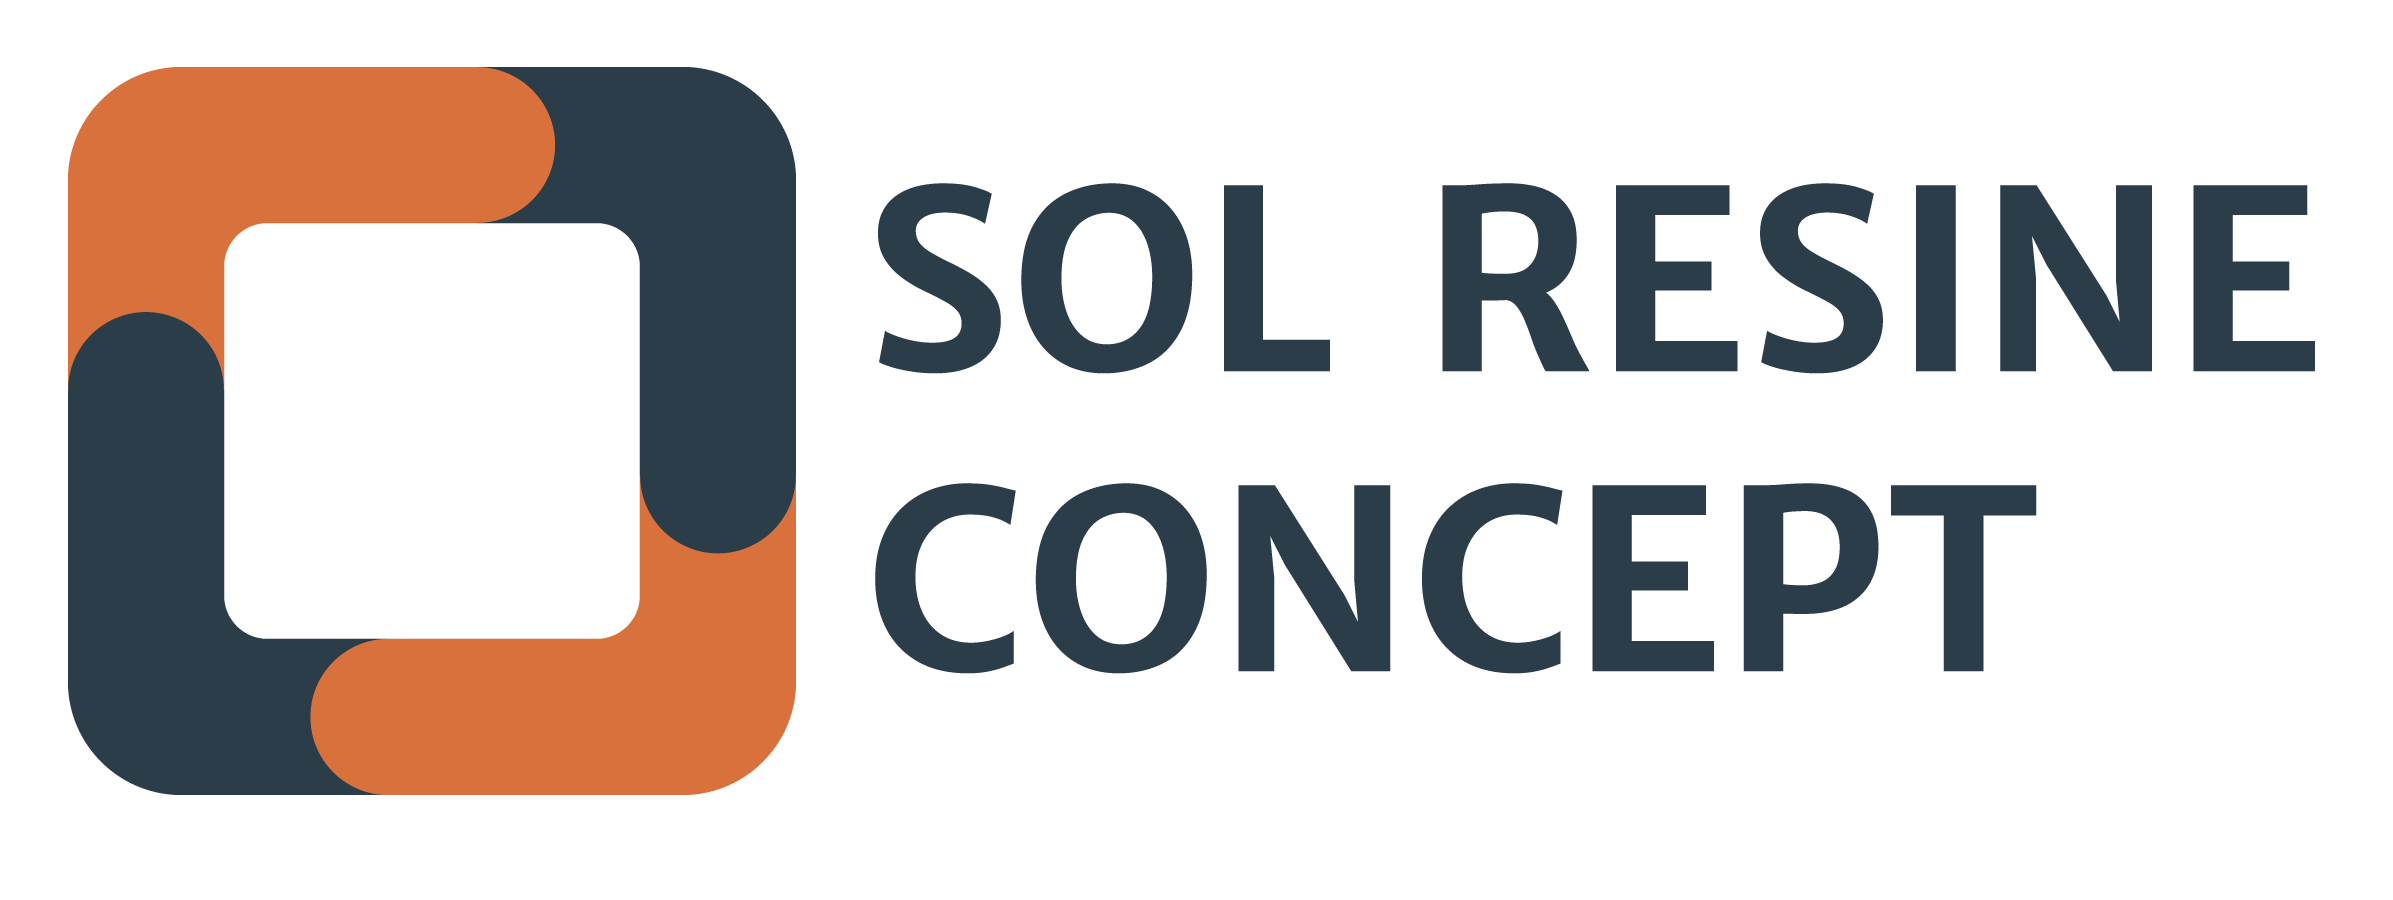 Sol Resine Concept
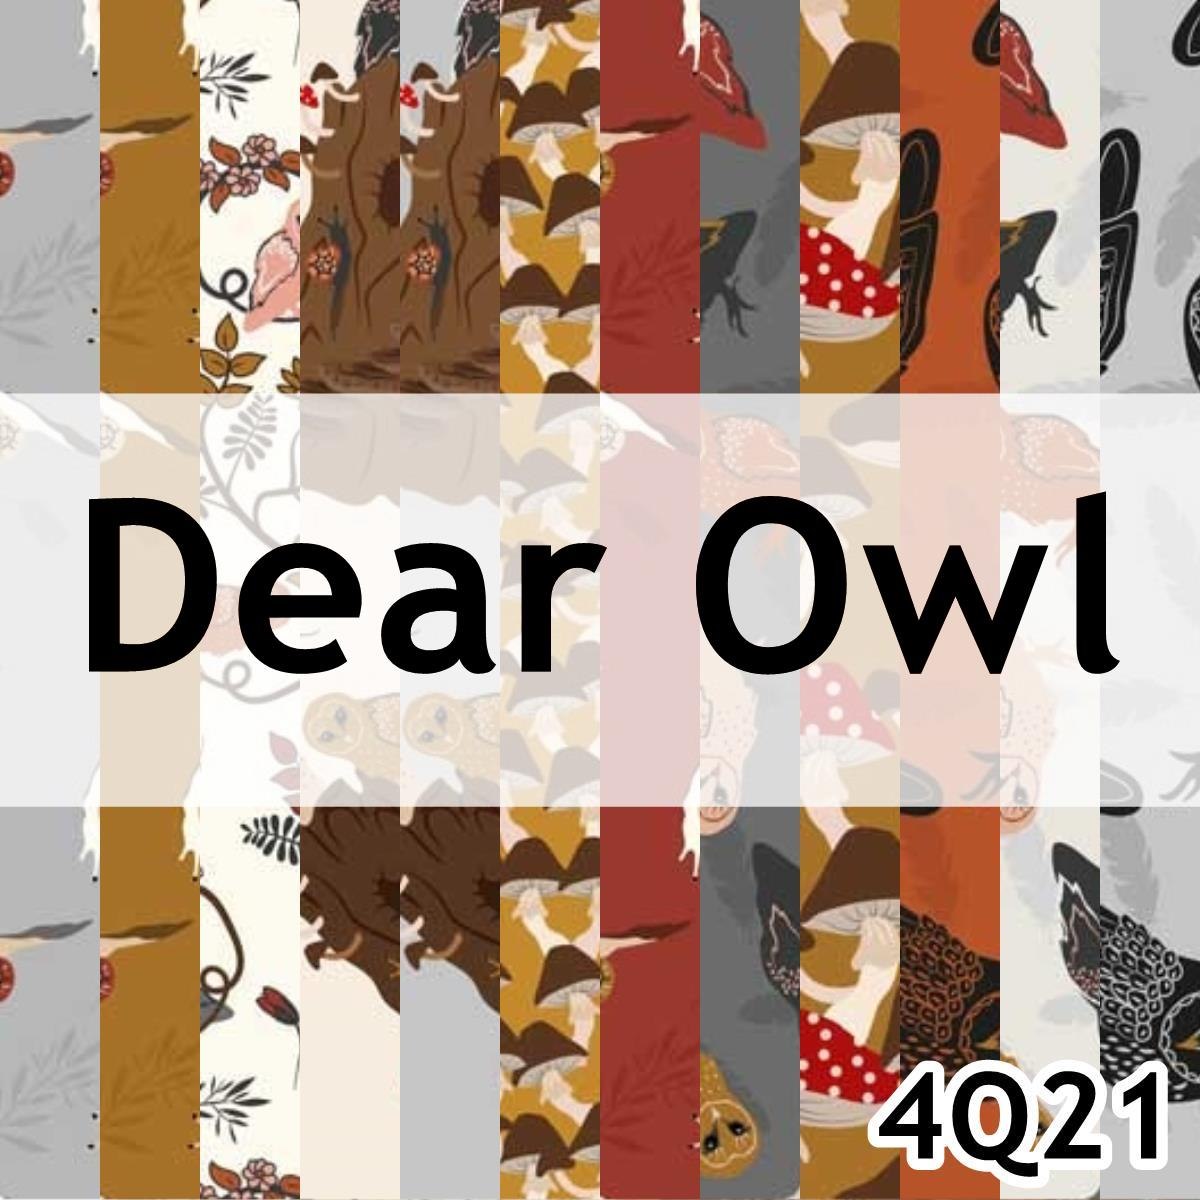 Dear Owl
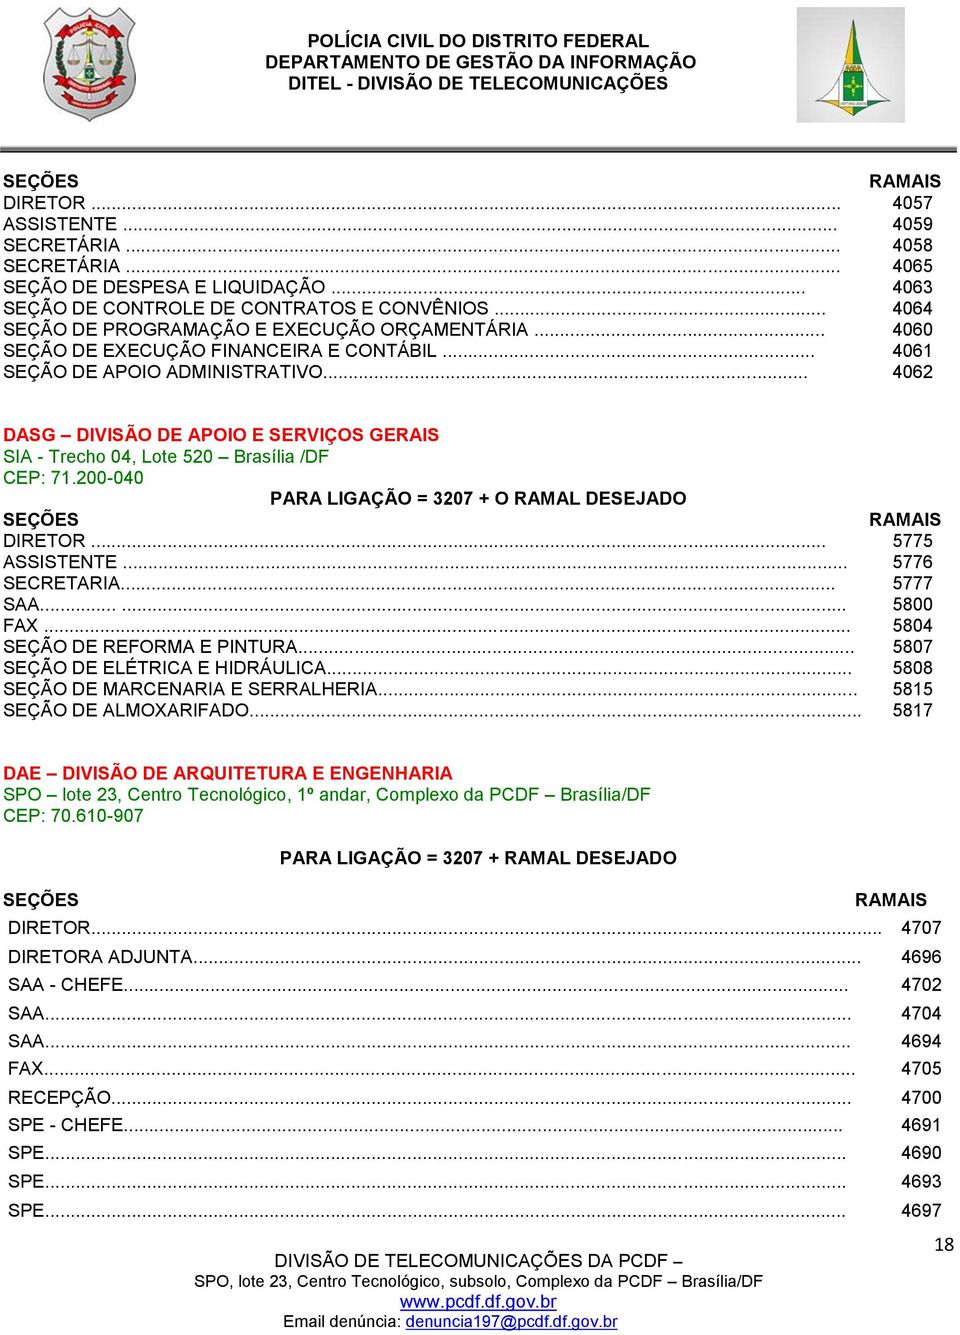 .. 4062 DASG DIVISÃO DE APOIO E SERVIÇOS GERAIS SIA - Trecho 04, Lote 520 Brasília /DF CEP: 71.200-040 PARA LIGAÇÃO = 3207 + O RAMAL DESEJADO DIRETOR... 5775 ASSISTENTE... 5776 SECRETARIA... 5777 SAA.

Work instruction: Transcribe the listing in full. Leave the pictures out.

Result:
 Sol Resine Concept
 Dear Owl
 .. 4062 DASG DIVISÃO DE APOIO E SERVIÇOS GERAIS SIA - Trecho 04, Lote 520 Brasília /DF CEP: 71.200-040 PARA LIGAÇÃO = 3207 + O RAMAL DESEJADO DIRETOR... 5775 ASSISTENTE... 5776 SECRETARIA... 5777 SAA.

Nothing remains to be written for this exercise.